If a consumer makes a qualifying misrepresentation deliberately or recklessly, the insurer may avoid the contract and refuse all claims. The insurer isn’t required to return the premiums, save to the extent that it would be unfair to keep them.

If a consumer makes a qualifying misrepresentation carelessly, the insurer may avoid the contract and refuse all claims if it wouldn’t have entered into the contract on any terms but the premiums must be returned. If the insurer would have entered the contract for the same premium but on different terms, those terms will be included in the contract, if that’s what the insurer requires.
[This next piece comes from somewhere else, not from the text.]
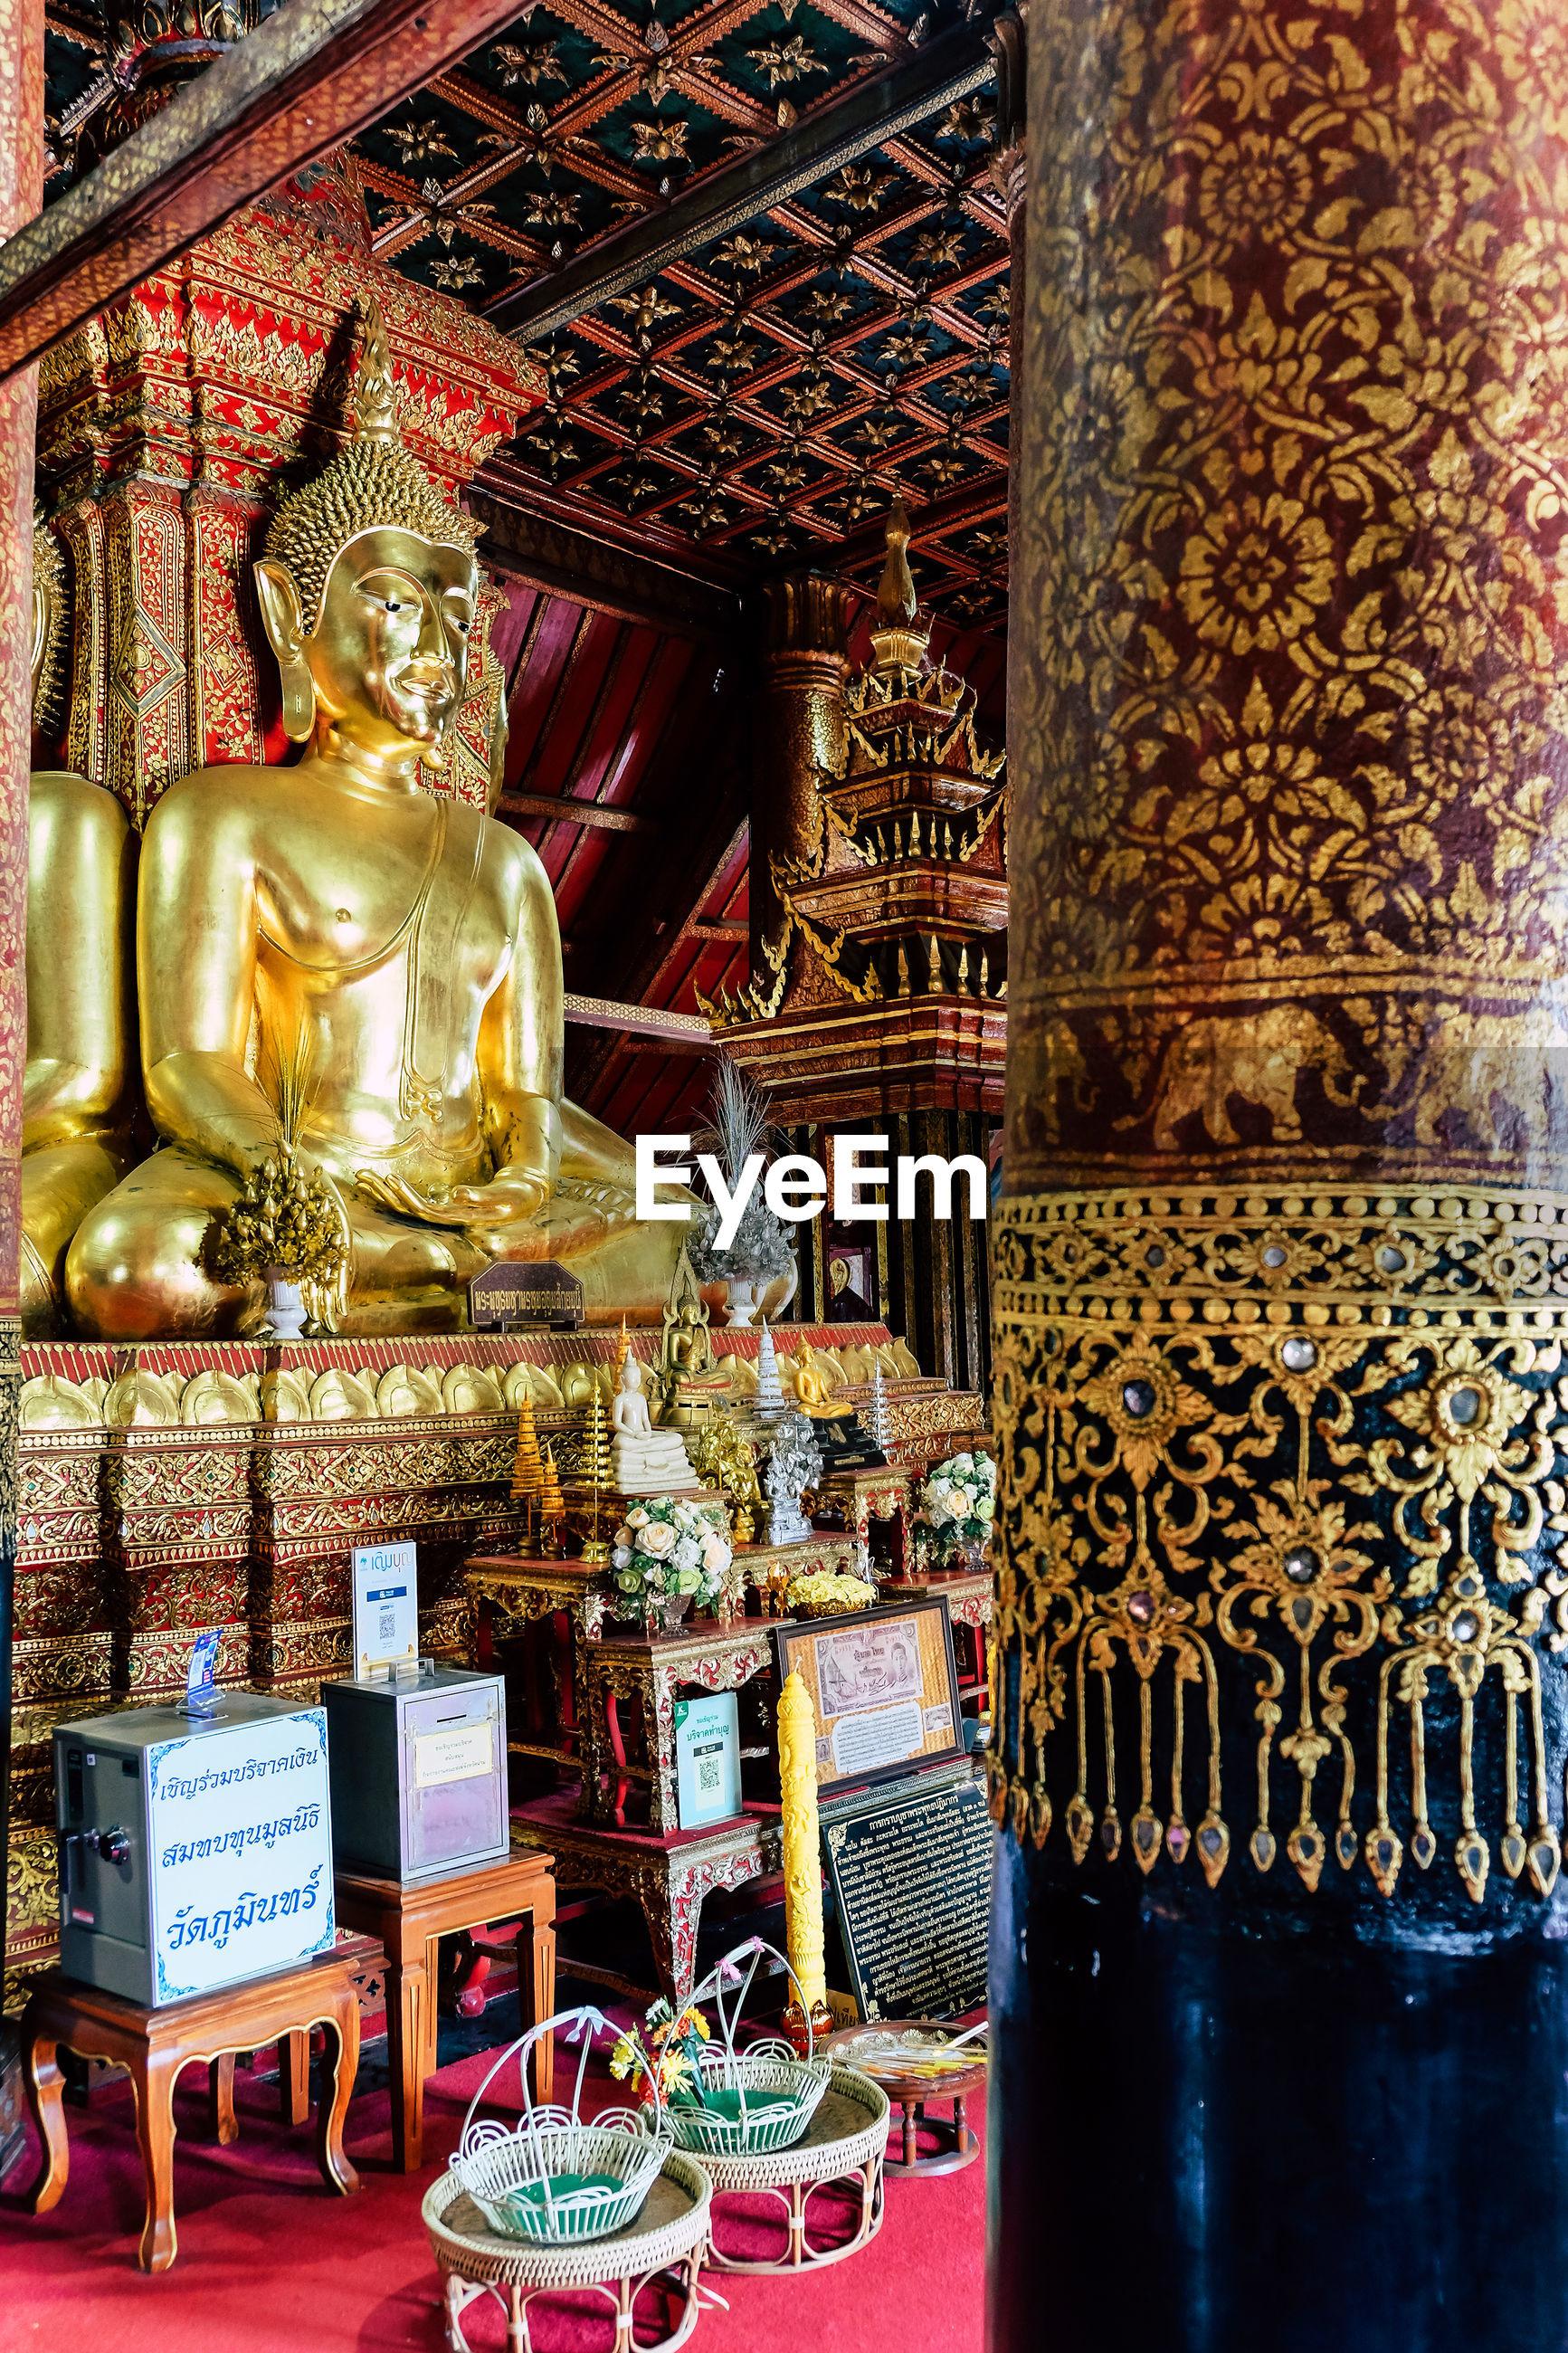 BUDDHA STATUE IN TEMPLE BUILDING

If the insurer would have entered into the contract for a higher premium, the insurer may reduce the amount it pays on any claims using a set of (complex) rules.

The Act abolishes the rules that allow insurers to treat an insured’s representations as warranties before avoiding a policy because the warranties were breached. It restricts the parties’ ability to contract out of its provisions, and creates rebuttable presumptions to determine who an intermediary acts for when it arranges a contract of insurance. It also includes special provisions for group schemes and insurance taken out on the life another.

The Act will come into force on or after 8 March 2013. Insurers’ proposal forms, contractual terms, and their underwriting, reserving and dispute resolution procedures, are all likely to be materially affected when that happens. Consumers might eventually be treated more fairly, as modern good practice already requires, but one suspects the number of litigated disputes will increase all the same.